Para os produtores rurais que ultrapassarem o teto de R$ 3,6 milhões de faturamento anual, o impacto será ainda mais significativo.

O novo enquadramento exigirá cumprimento de obrigações relacionadas à apuração, escrituração e recolhimento dos tributos, além da necessidade de atender às exigências acessórias previstas no novo sistema tributário.

Segundo Moema Debs, isso exigirá uma estrutura administrativa mais robusta dentro das propriedades rurais.

“A partir do momento em que o produtor passa a ser contribuinte direto, aumenta a necessidade de organização contábil, controle financeiro e gestão detalhada das operações”, afirma.
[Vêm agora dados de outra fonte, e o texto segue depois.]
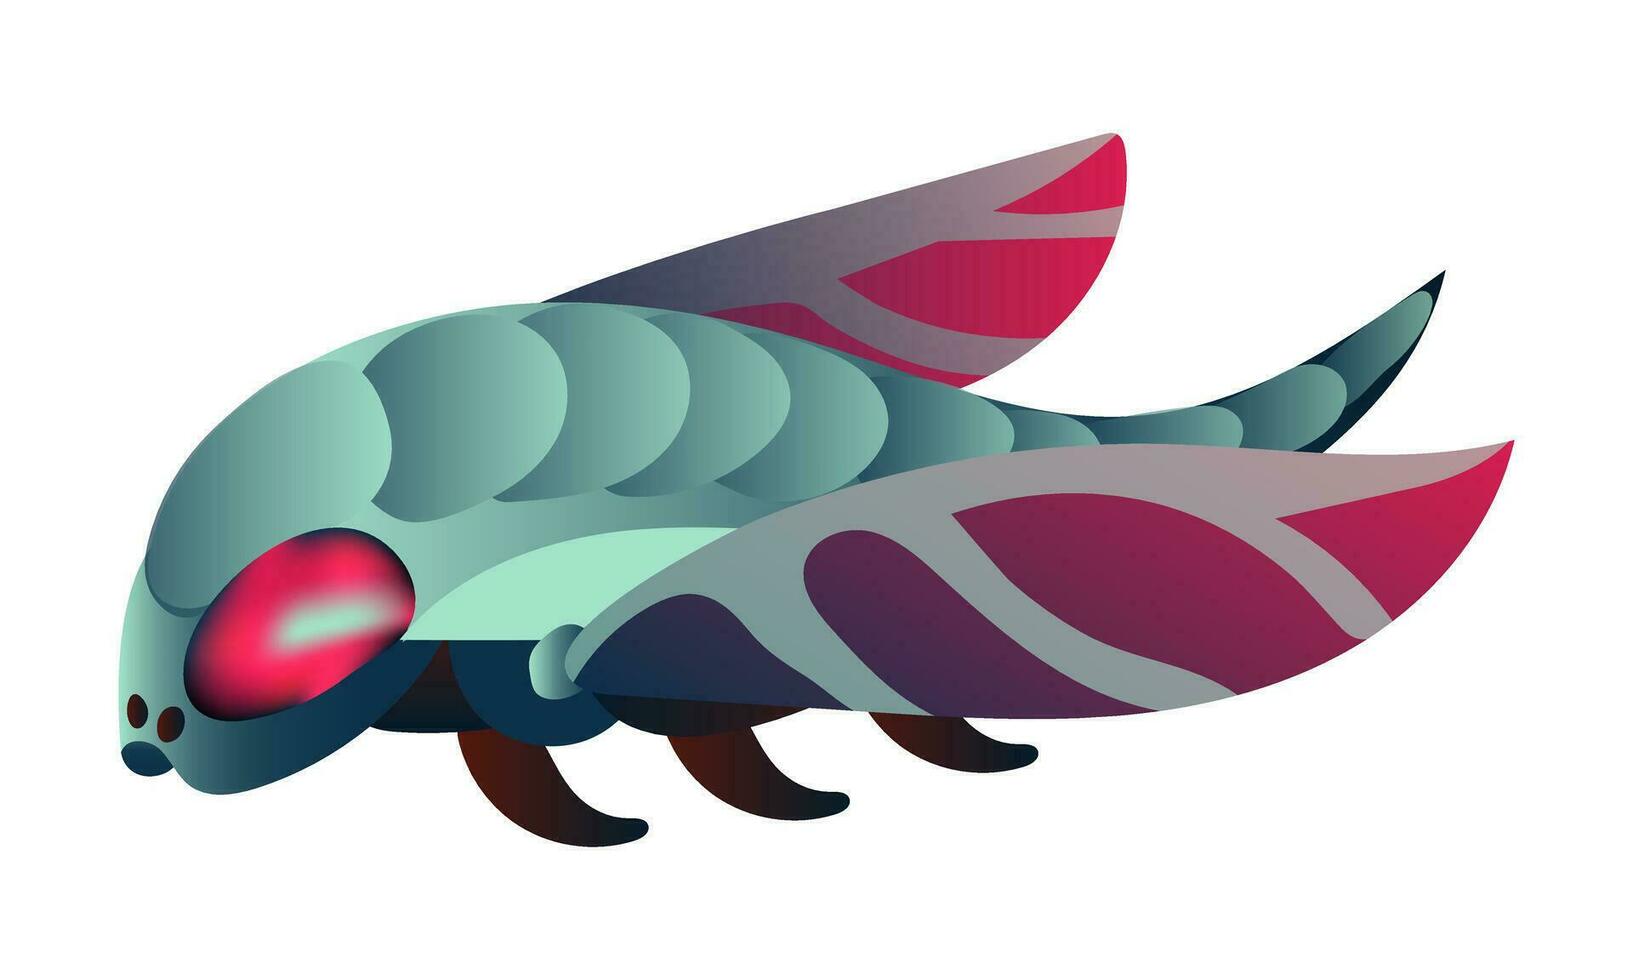 en Plats insekt i de form av en flyga. en mekanisk insekt i blå och rosa färger är isolerat på en vit bakgrund. vektor lutning illustration av ett utomjording insekt

Formalização e rastreabilidade ganham força no agronegócio

Outro efeito importante da Reforma Tributária será o avanço da formalização no campo. A integração dos documentos fiscais, a padronização cadastral e as exigências de rastreabilidade devem elevar o nível de controle sobre as operações agropecuárias.

Com isso, práticas informais tendem a perder espaço no mercado.

Especialistas avaliam que ferramentas como emissão de nota fiscal eletrônica, gestão digital, controle financeiro e rastreabilidade da produção deixarão de ser diferenciais competitivos para se tornarem requisitos básicos de conformidade fiscal.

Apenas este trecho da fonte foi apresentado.